8.25.2009

The Countdown

So. I'm going to college in four days.

When the hell did this happen?

It seems like two days ago I was a strapping young junior, fresh faced and confident ready to embark on the process that would determine the next four years of my life but curiously, before I even realized it, everything started moving faster and faster and then I was sucked into a hurricane of college tours, AP grades, common application, standardized testing scores, college board, 17 drafts of the same bad essay, acceptance and postponing, financial aid stress, final decisions then POOF June 5th hits me in the face and I'm officially done. Suddenly I was spit out on my butt feeling bruised and battered but ultimately triumphant that I had survived four years of hell, and was ready for a relaxing summer before entering the next stage in my education.

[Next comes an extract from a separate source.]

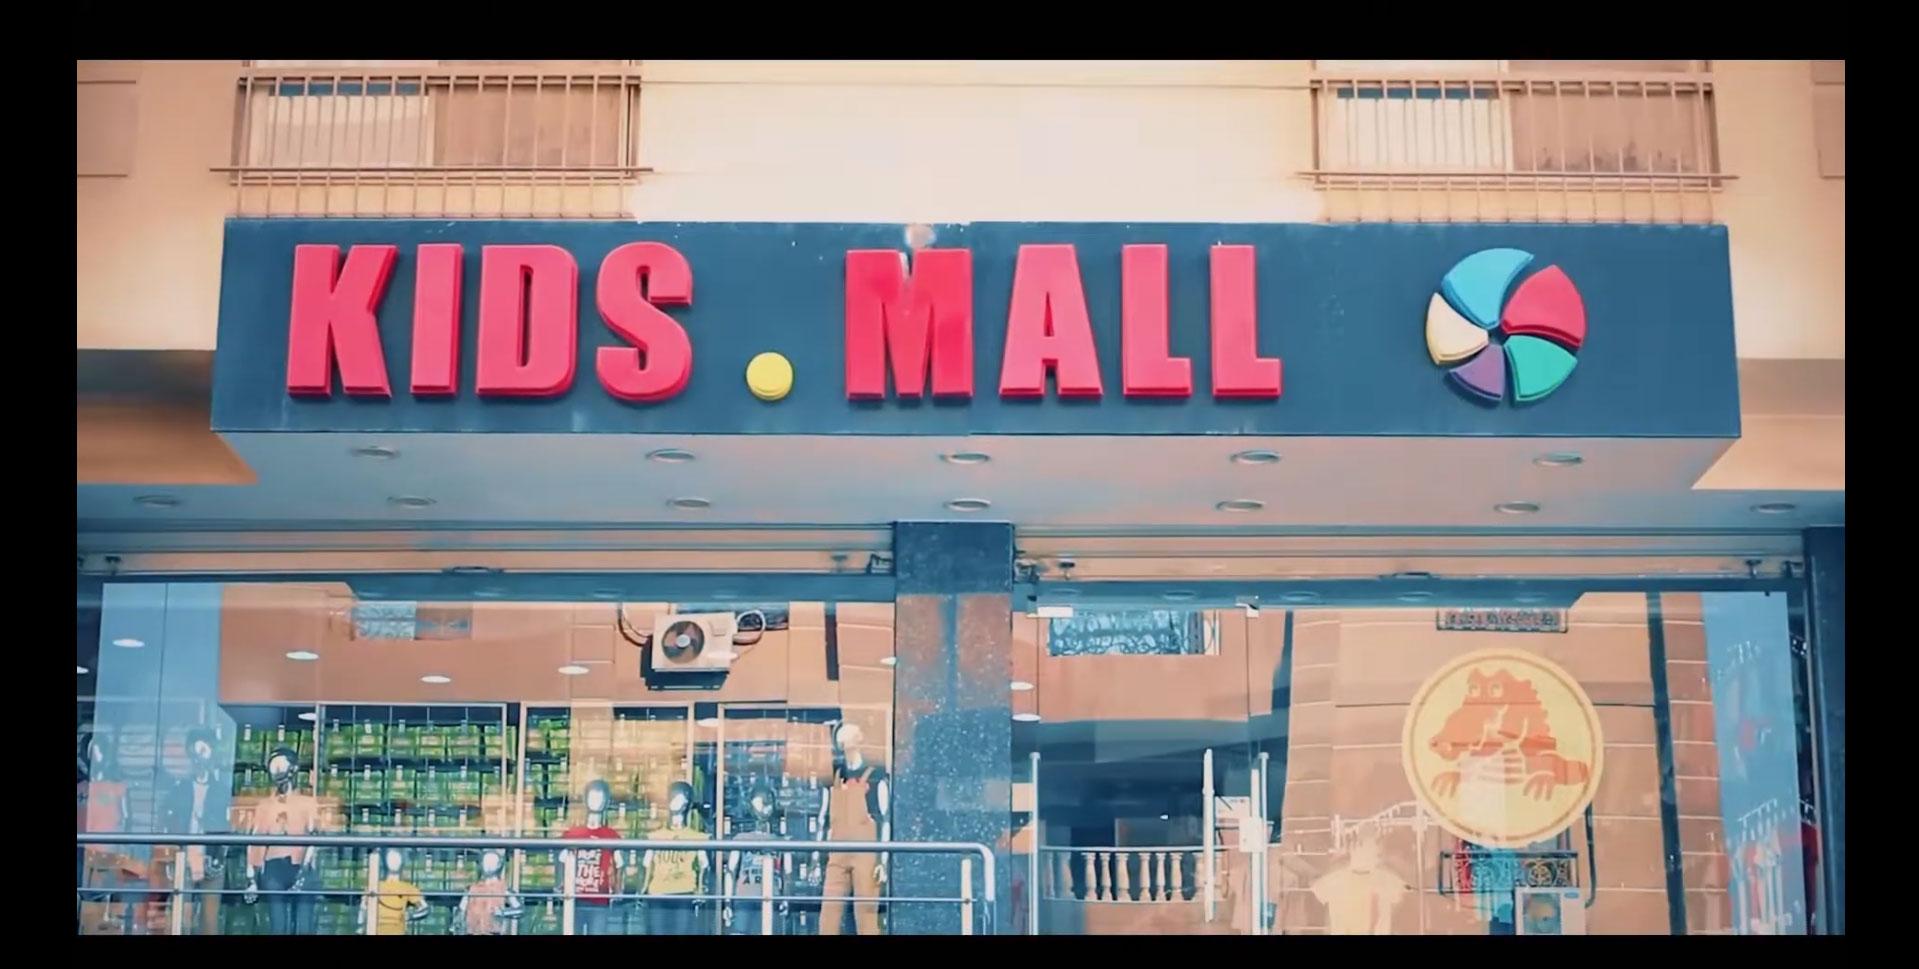 Kids Mall - إنتاج الفيديوهات -

I stood up, dusted off those last crumbs of high school, and sauntered into summer.

Summer was as summer is. Work, endless grad parties, road trips, tan lines, and free arby's roast beef sandwhiches (plus a million other little details) worked themselves into a comfortable rythm that seemed to transcend time and delay the future. Yes, I'm going to college X I'd say, Yes, I'm excited but a little bit nervous, Yes I'm planning on studying X, Yes, I think it will be interesting. But even as I constantly affirmed the fact I would be leaving in three months, to me it just sounded like words without any concrete action behind them. I look at the tidy 3x5 foot area in my room that is packed with everything I will need for the next semester and it seems so unreal that I will actually be using any of it. But I will, I know I will. I just can't believe that time is actually here.

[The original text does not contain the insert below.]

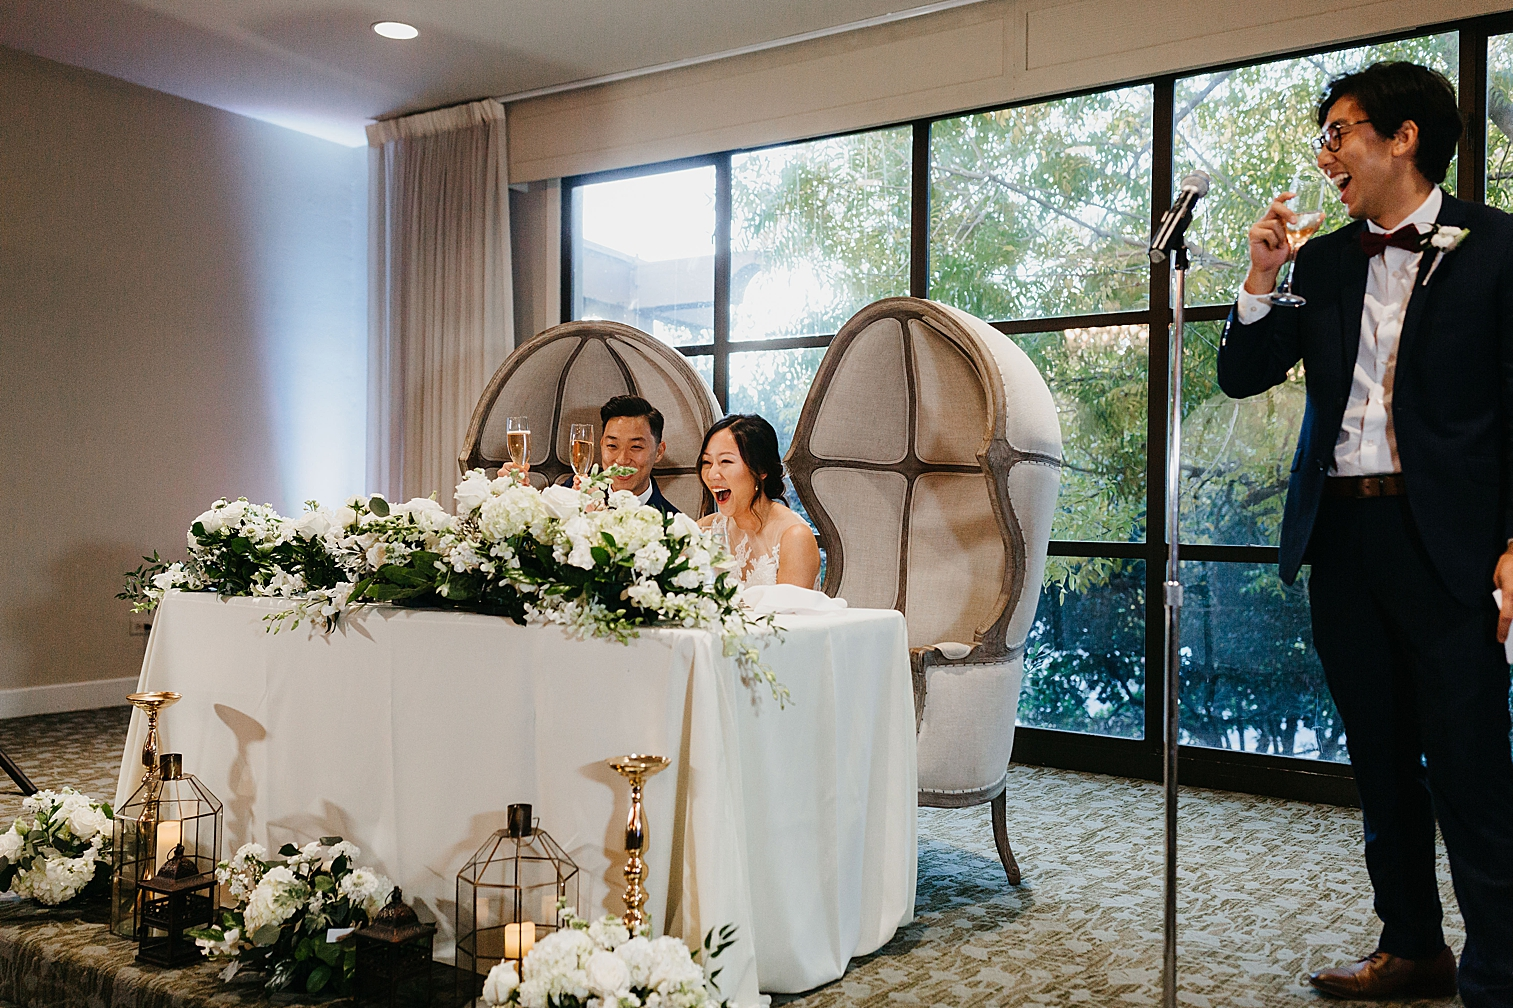 Secret-Garden-Rancho-Santa-Fe-Wedding-119.jpg

And even though I've been looking forward to this moment since I was 13, as the days-until-Karis-leaves countdown gets lower, I'm getting more and more anxious about leaving. I feel like I've finally found a life I enjoy and now I'm moving onto a new one that I am completely mystified by. I haven't the foggiest idea what college will be like. Literally I try to imagine my life in college and my mind bombards me with a million images of "Animal House", "The House Bunny", and the pictures off brochures from 37 different colleges. I know enough about college to know that the reality of a place is rarely what is advertised, but that is all I have to base my opinion off of. I'm the kind of person who doesn't like to not know what she is getting into: I'm paying a good chunk of cash for this place and what in the goddamn world am I supposed to do if I hate it? I'll have abandoned the happy life I have now for a meager existence as one of those kids who stays in their dorm 19 hours a day only to come out for meals and classes because they are so depressed they reside in such a hateful place. Okay maybe I'm too social for that dramatic of a change to occur but what if I always have that small feeling of regret at not choosing a better school for me eating away and corrupting my mind for the next four years? That kind of feeling is the worst because it taints every experience and every new friend, whispering "You could have better, You made the wrong choice, You screwed up...". And I know, I know, everyone loves college, you will like wherever you go etc etc blah blah blah. But what if I'm the exception?

Now don't get me wrong, I do feel like I picked the right school for me. Its smack dab in the city (Chi-town!), it has a beautiful campus, a great communications school, and a lot of opportunities I'm looking for. My roomate seems normal and nice and easy to live with (not nearly the tattoo/piercing/weed obsessed or clueless/bland/boring roomate horror stories of some of my friends) plus I'm living right in the middle of what is known around campus as the "fun" dorm, and one floor below one of my good friends. I feel like I'm setting myself up so even if I stumble around this first sememster I'll have a couple strong hands around to keep me standing.

And I know everyone has these doubts: bring up college around my friends and it becomes a screaming competition of who-is-more-screwed-and-terrified. So while my fears are probably unwarranted and irrational, they're probably the same fears as the other million soon to be college freshmen out there. We're all confused and frustrated and excited and nervous and just ready to finally move on to the future.

And in four days that is what I will be doing.

When the hell did that happen?

2 comments:

  1. yay karis this is really good! and so so true! :)

    ReplyDelete
  2. You got it right, man. College is a whole universe away from high school, but still, people get through. So relax! Soon you won't be able to remember these fears when you get used to it.